The gene therapies that are currently within clinical and observational studies today in the United States encompass treatments for various diseases and genetic disorders. However, the FDA had only announced at the end of last month that it approved Kymriah as the nation’s first gene therapy to be placed on the market as a treatment for acute lymphoblastic leukemia. This should come as a surprise considering how long scientists and researchers have been working within the genetic field of medicine but have only just been given the green light to put these treatments. It is the restraint of the FDA to approve genetic therapies that begs the questions: what are they afraid of and, is their fear going to put us behind the rest of the world?
The FDA has been known to be strict when it comes to their federal guidelines of accepting clinical trials of gene therapies before releasing them to the drug markets but it is significant that they be so tedious in their accepting of therapies that are the first of their kind. The United States is a country where litigation is man’s best friend and as a result, even corporations who fund gene therapies take steps to ensure that there are no serious repercussions can occur because of their negligence. One of the biggest fears facing the genetics community is the effects of creating or modifying human embryos, done to prevent future generations from getting genetic diseases or disorders from previous generations. An army of perfectly born humans can definitely been seen as something as a threat to the world but there are still a few countries who do not see perfecting humans and their genetics as something to be feared, but something to be researched, tested and even implemented. As can be seen, scientists have already been able to edit dangerous mutations in DNA and genes and in doing so, open up a can of worms that can never be closed again.
Currently, the United States is in its own boat when it comes to its stance on genetically modifying CRISPR embryos and this boat is one where the government does not completely ban the practice as other countries such as those in Europe and South America have. However, the regulation of the research being done and tested in monitored by private, independently based organizations. It is significant in noting that the most lenient countries of the world that do not ban the testing of CRISPR embryos are China, India, Japan and Russia. These four countries have already been known to conduct clinical trials in using CRISPR to genetically modify embryos and other types of cells within the human body, without much publicity. Since there are countries that are in the world right now who do not have to go through the FDA policies and guidelines before being accepted to conduct clinical trials or have the luxury of being monitored by private entities, there is no doubt a fear that these countries can endanger the lives of those around the world.

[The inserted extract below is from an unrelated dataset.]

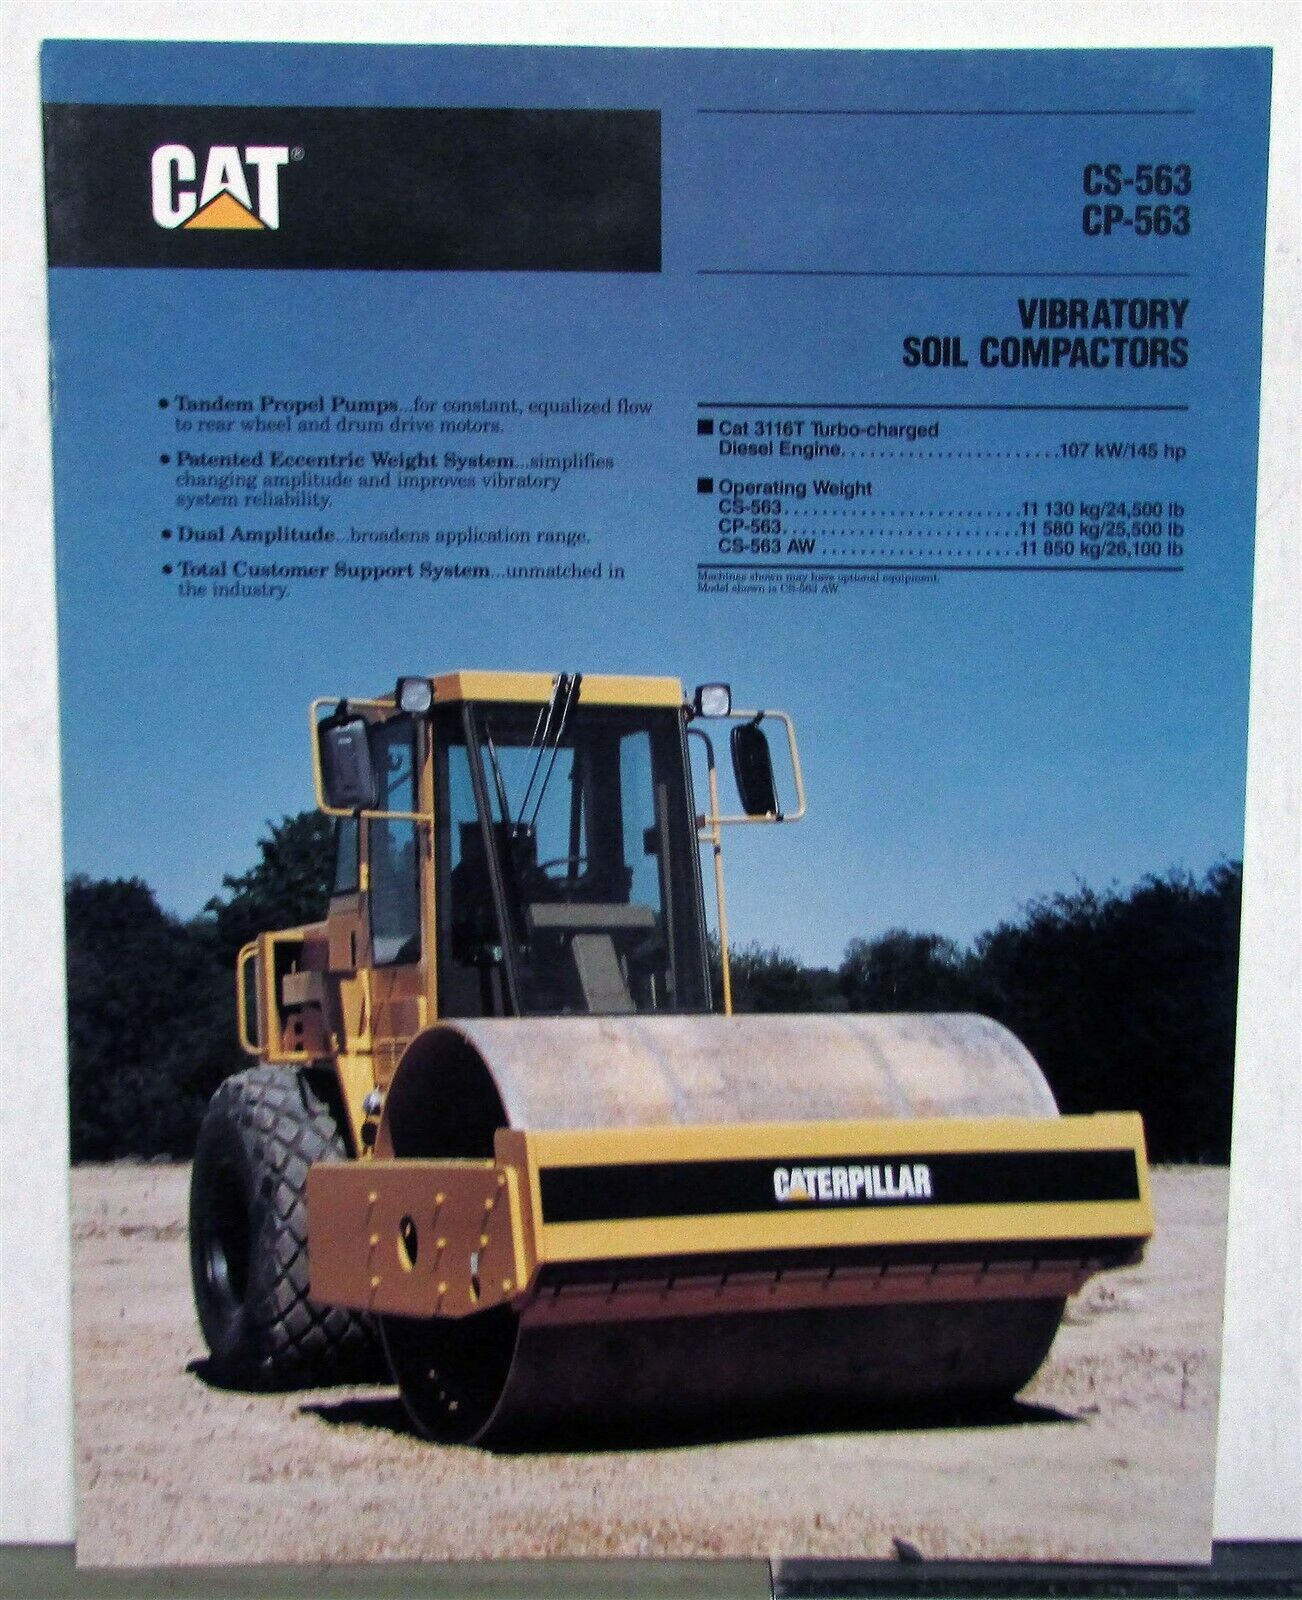 1992 Caterpillar CS 563 CP 563 Vibratory Soil Compactor Construction Sale Folder
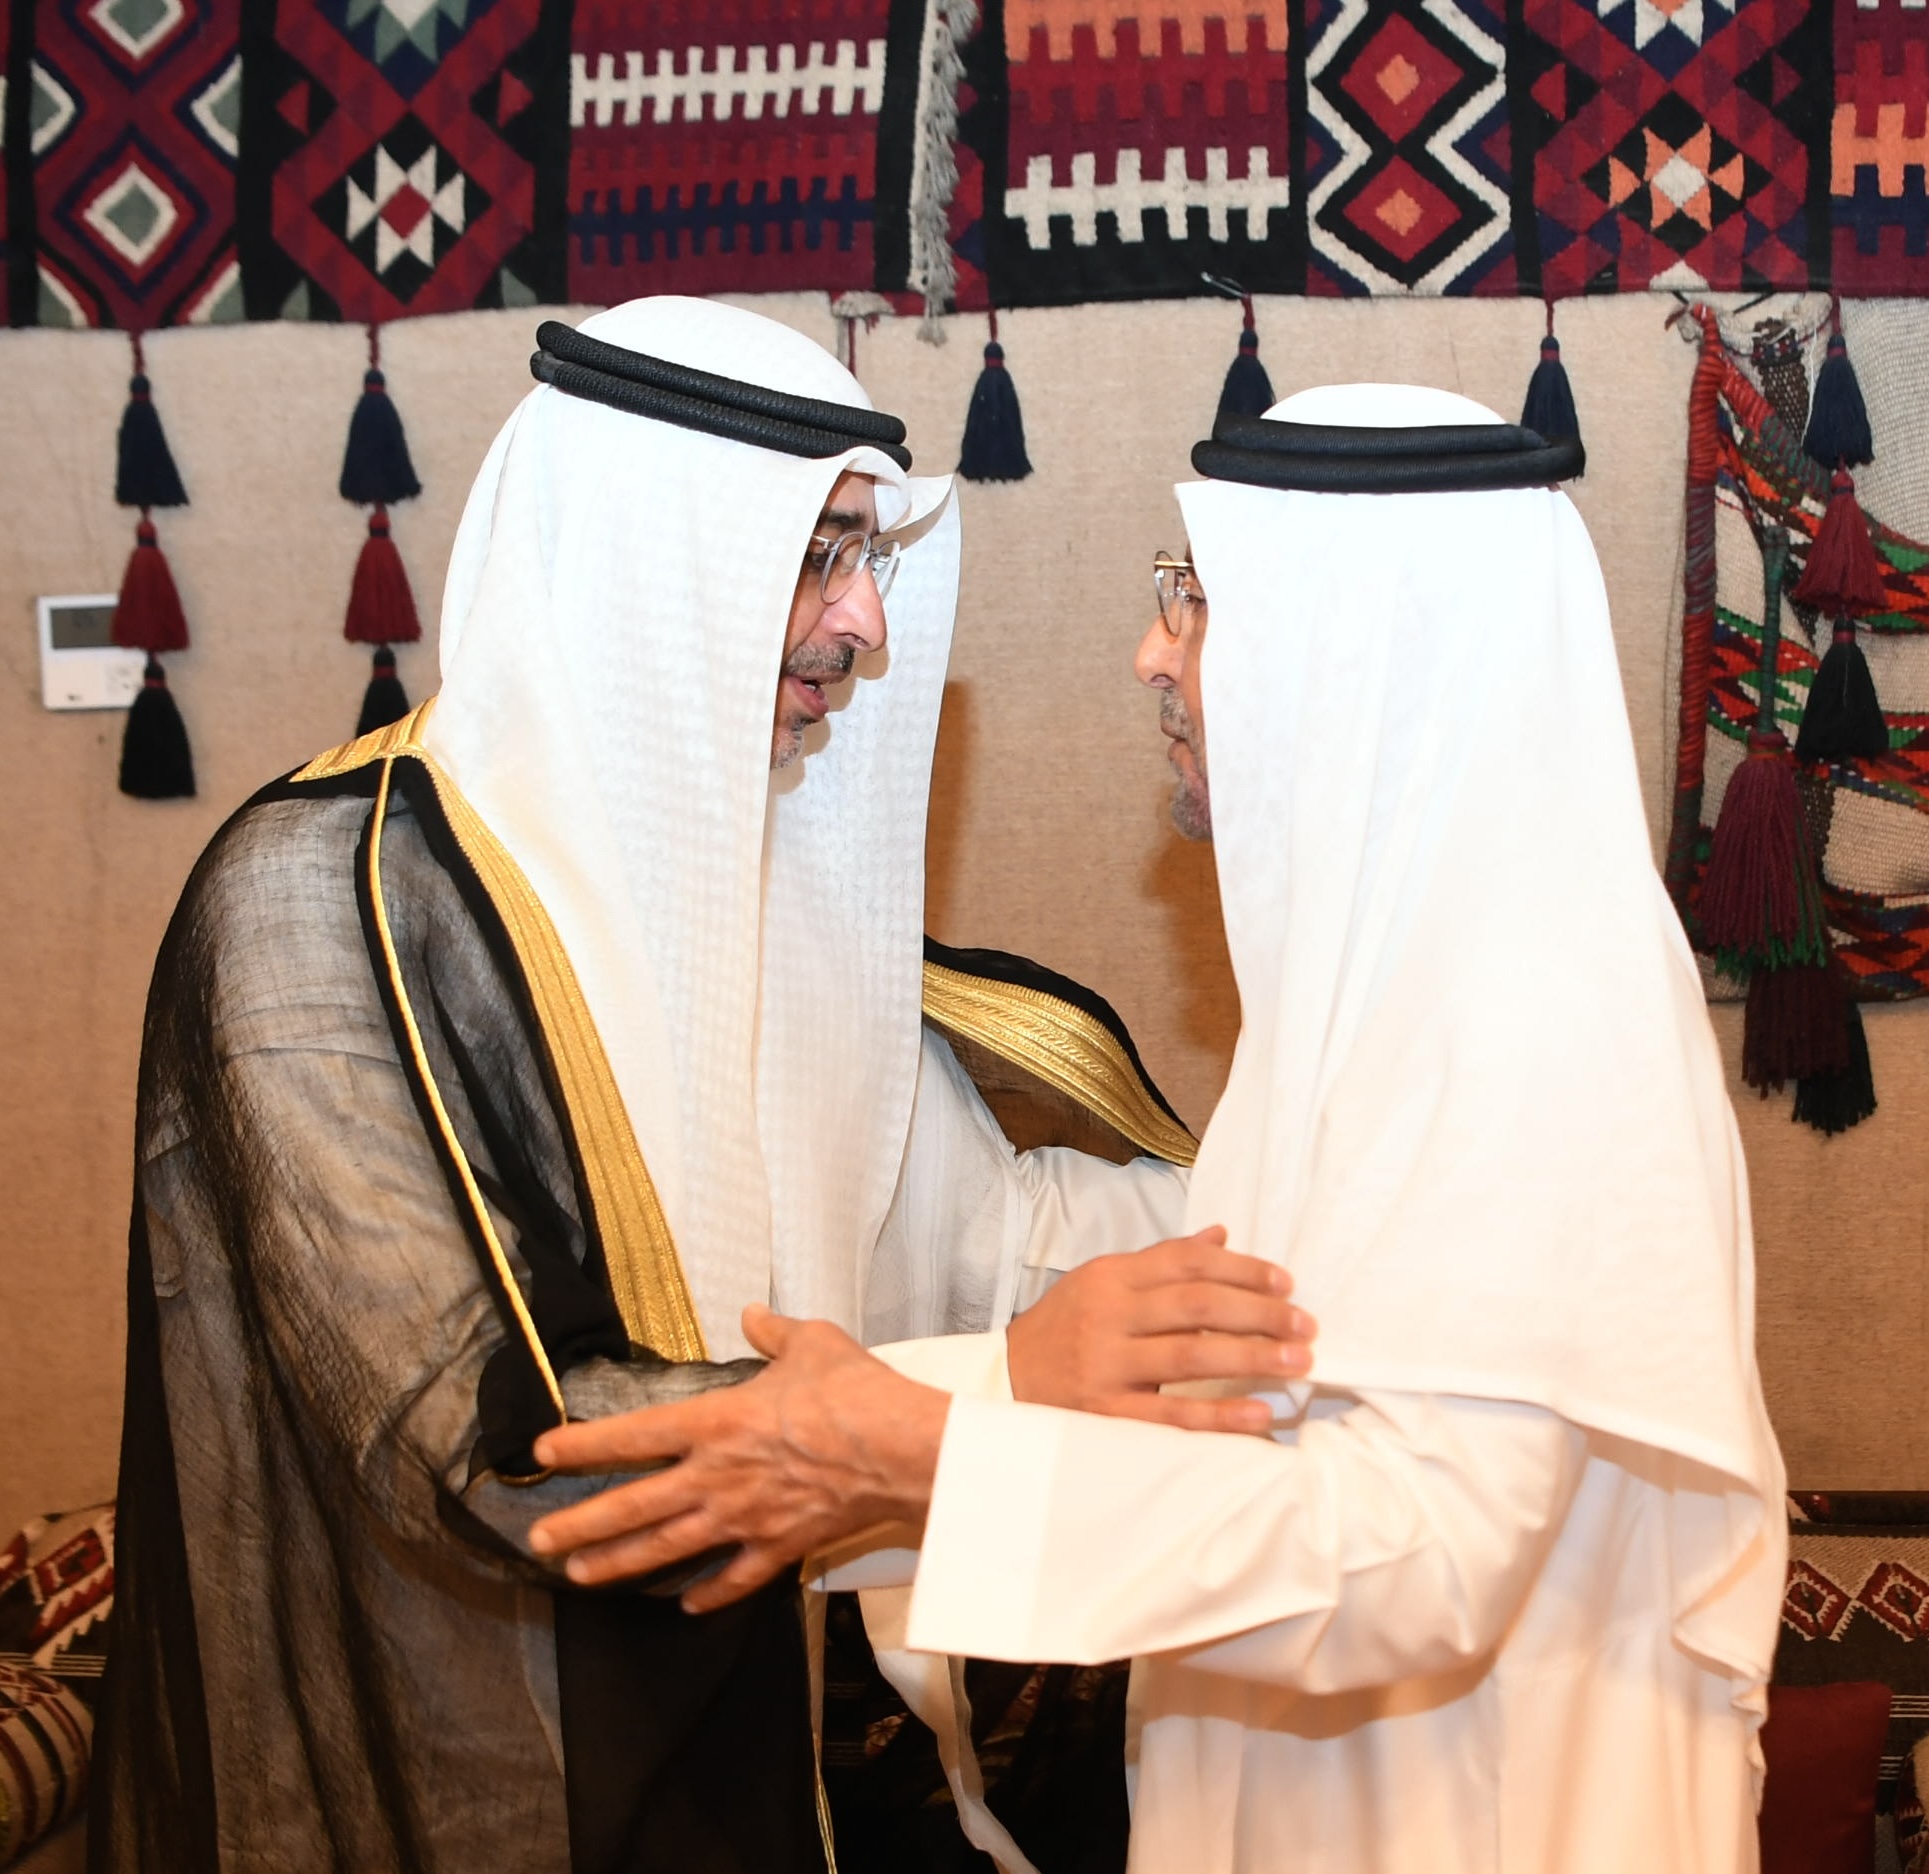 Kuwait Amir's Representative offers condolences on Saudi Prince demise

Especially with isolated countries such as North Korea, it is difficult to know how exactly the country has progressed in its biotechnological warfare, including gene therapy, and what the affects can be on the rest of the world when a country, although small compared to the US, can utilize science to become a super-powered population. It is to avoid scenarios such as the one posed by North Korea that the FDA was put in place. In order to ensure that the medicinal and agricultural sectors of the nation were being regulated and monitored, there needs to be an organization that oversees research that secure public health and safety. But, just having one country, out of hundreds with the capability to genetically alter genes and embryos with this agency in place, is not enough to guarantee that gene therapy will only be used for good.
To know that there are four major countries in the world right now who have little to no oversight can be unsettling to say the least and begins the debate on whether there should be global law or committee to oversee genetic manipulation so that it does not get out of hand. Being that it would be difficult to oversee global research into gene therapy, having at least a discussion about the global point of view, repercussions and growing opinions about this new generation of gene therapy and healthcare is best step forward in protecting the future generations that will be the ones to deal with the aftermath of gene therapy.